As Parejo was caught in possession just inside his own half by the swarming bodies of the ever-harassing red and white stripes, he seemed to unfairly trip Atletico’s Uruguayan defender Gimenez, however, the referees deemed it a fair tackle and spurred on by their incensed fans; the hosts chased the ball with the hunger of a pack of wild coyotes that hadn’t eaten in weeks. Club captain Gabi dispossessed Alcacer and immediately freed Yannick Ferreira Carrasco down the left hand side. The Belgian knew that there were spaces centrally to attack the already shaky backline of Valencia and showed supreme upper body strength to bundle past the unbalanced Enzo Perez, who was on the stretch covering the out-of-position full-back Cancelo, to cut inside. As the French hotshot Antoine Griezmann showed great intelligence with a run across the front of the man on the ball that not only stopped opposition defenders from coming out to press, but also landed central defender Mustafi in two minds as he didn’t know whether to stick or twist. In the end he retreated, following the off-the-ball run of Atleti’s number 7.

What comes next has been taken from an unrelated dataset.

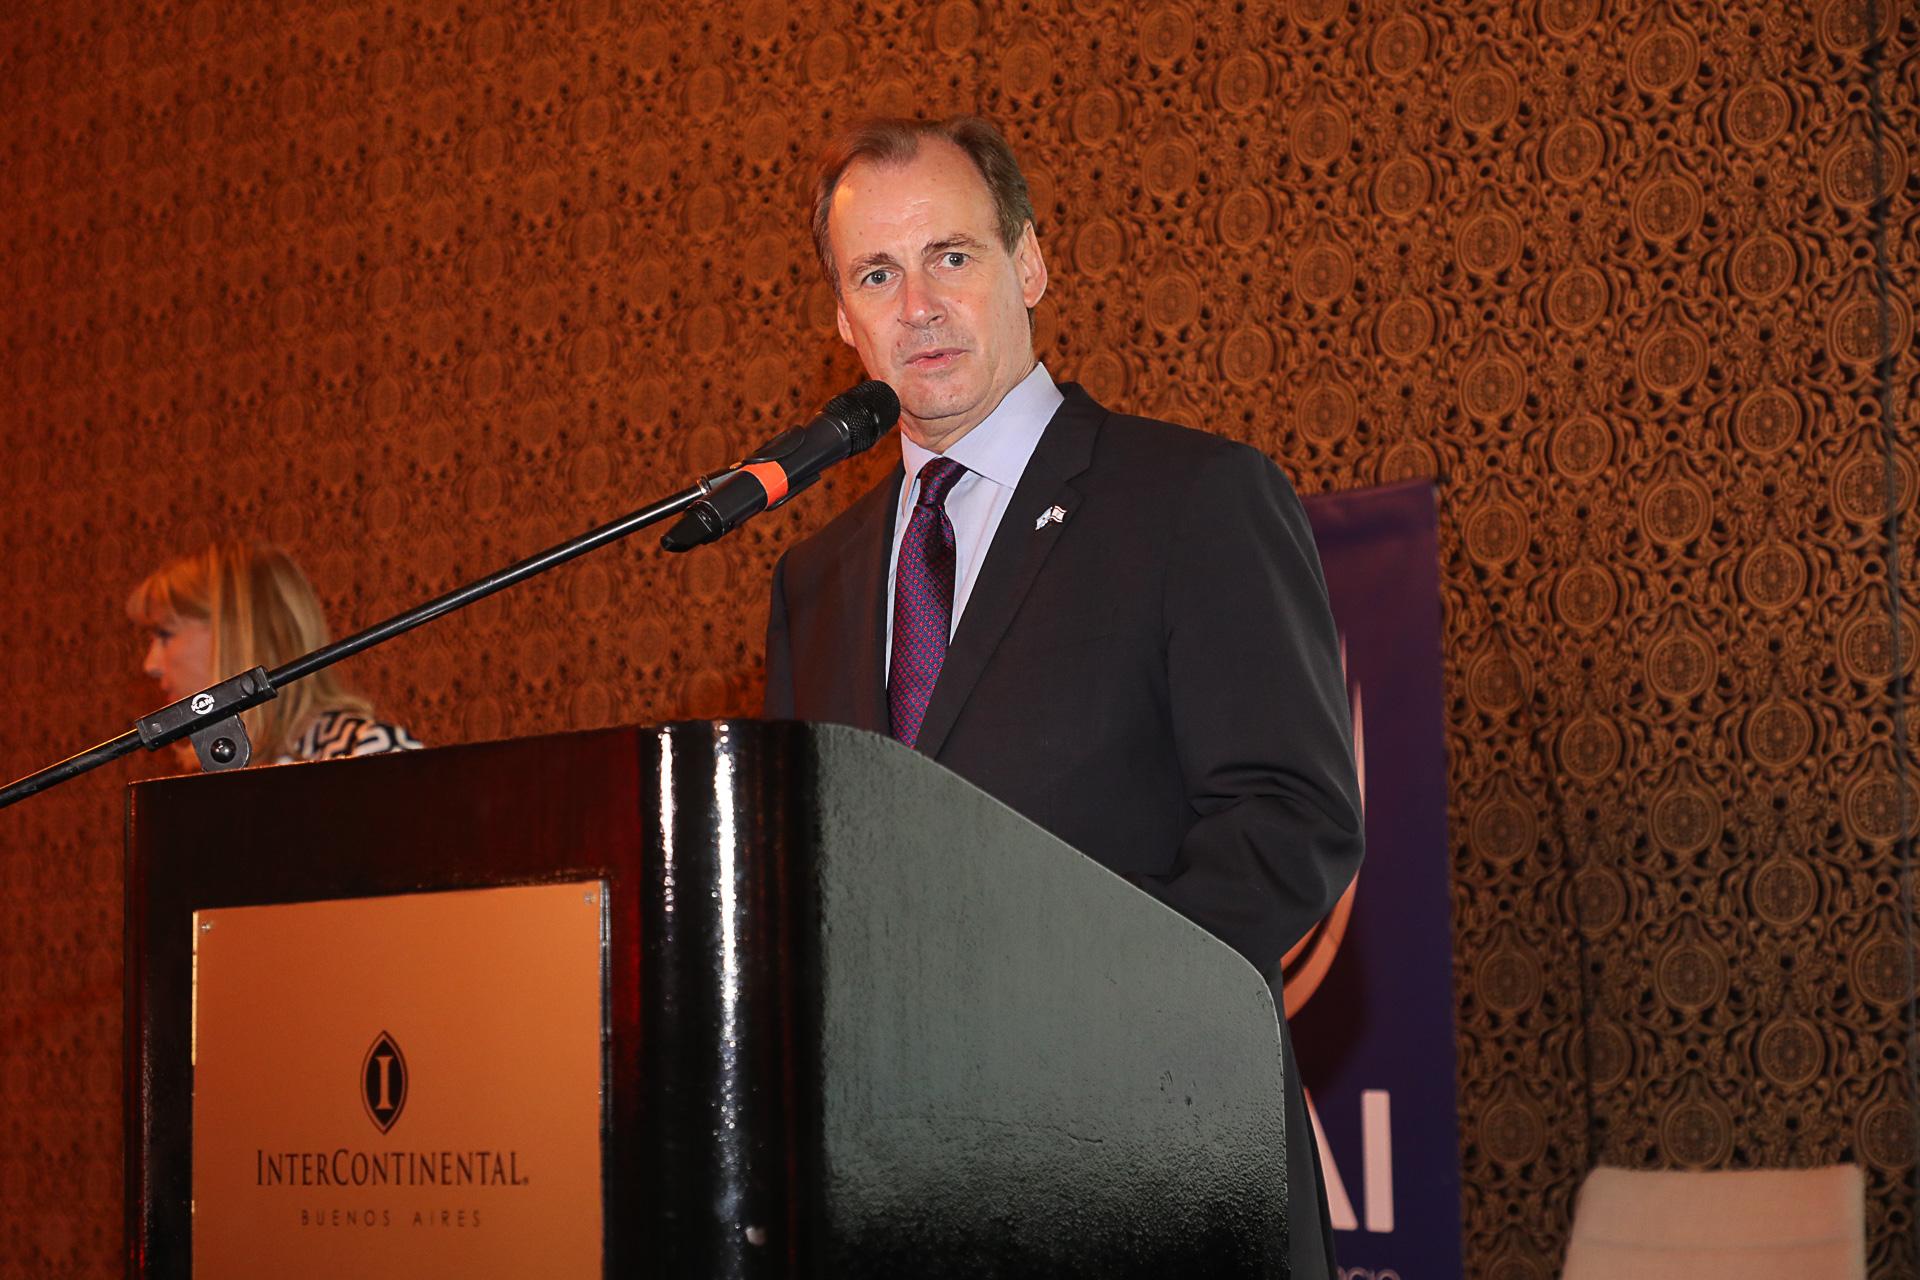 El discurso del gobernador Gustavo Bordet

Griezmann’s run not only confused Mustafi, but it also caught the attention of backtracking midfielder Barbosa da Silva who saw the off-the-ball sprint out of the corner of his eye. Carrasco’s natural dribbling instinct jumped on this opportunity and using his upper body weight to feign left, he then chopped inside with the outside of his right foot to leave the Valencia midfielder on his backside.
Strike-partner Jackson Martinez peeled away towards the far side of the area; attracting defenders Santos and Gaya towards him which opened up the gap in which the 22 year-old Ferreira Carrasco fizzed a spectacular right-footed drive through, low into the left-hand corner of Domenech’s goal to give Cholo Simeone’s men the 2-0 lead that they more than deserved to take into the break.

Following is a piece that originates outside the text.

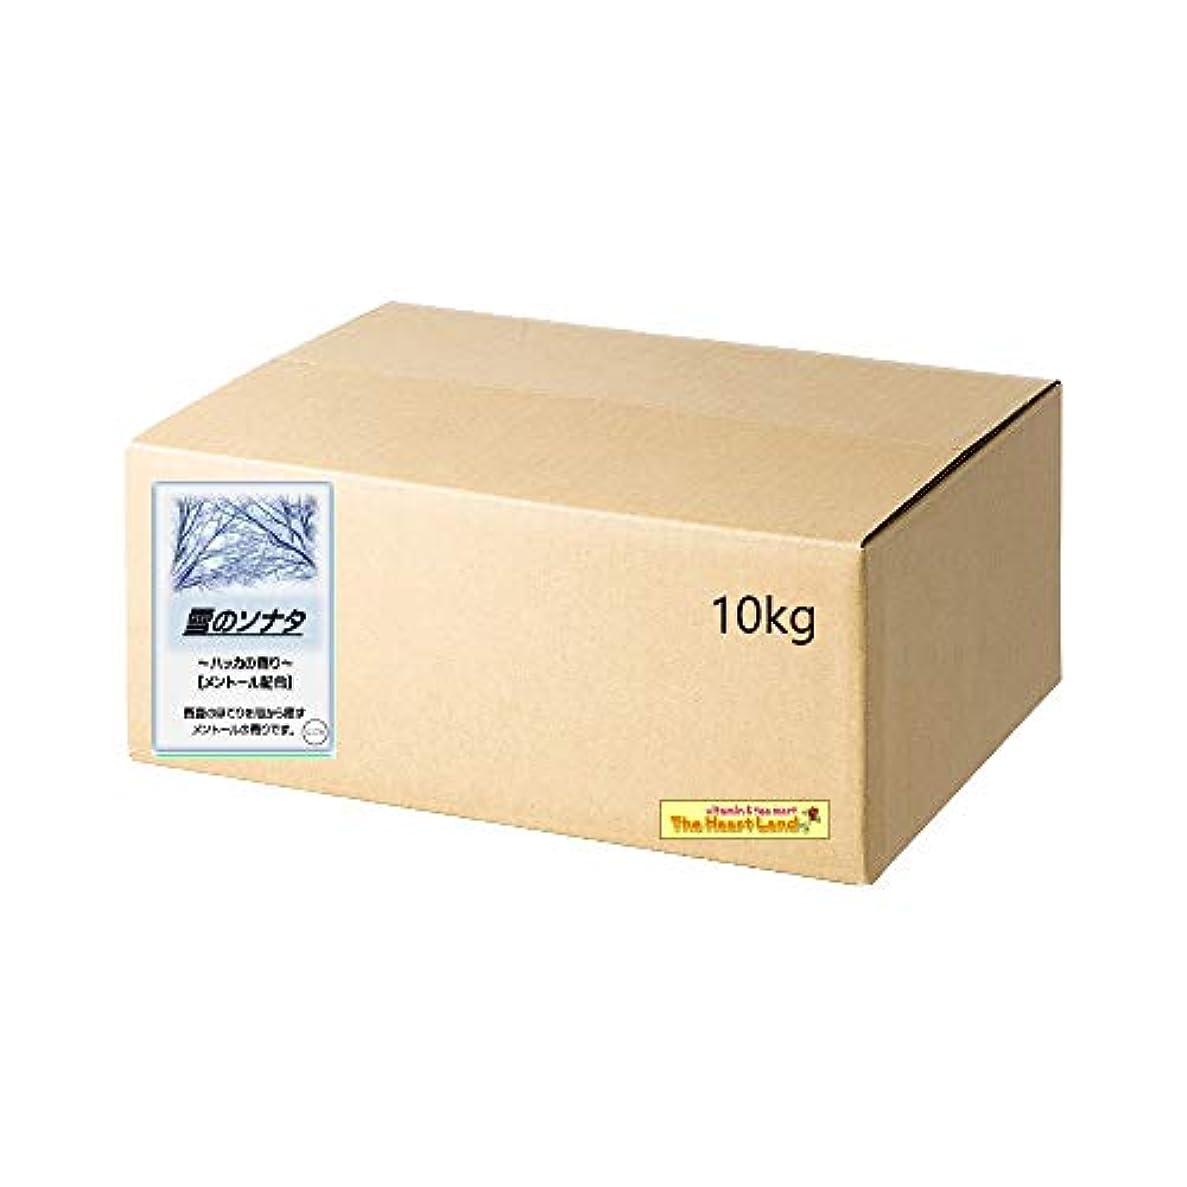 すき蜂合法アサヒ入浴剤 浴用入浴化粧品 雪のソナタ 10kg

As the game played out the hosts registered 16 shots at goal (8 on target) compared to Valencia’s 1. The only attempt on target from Los Che was infact a goal that was scored from the penalty spot late in the game by Spanish international Paco Alcacer. The 2-1 scoreline flattered Valencia in the end and it was a tactical triumph for Simeone’s Atletico who dominated play and saw 3 attempts on goal stopped splendidly by the impressive Domenech in the dying moments that kept any hopes of Valencia rescuing what would have been an undeserved point alive.
A magnificent performance was capped by a wonder goal that would have been fitting to win a cup final. The Atleti faithful cried “Carrasco Carrasco” as the young Belgian left the field to a standing ovation so loud that it would have left fans in white at the other side of the city covered in goosebumps. Following a €15 million move from Monaco in the summer, the 22 year-old had officially announced himself.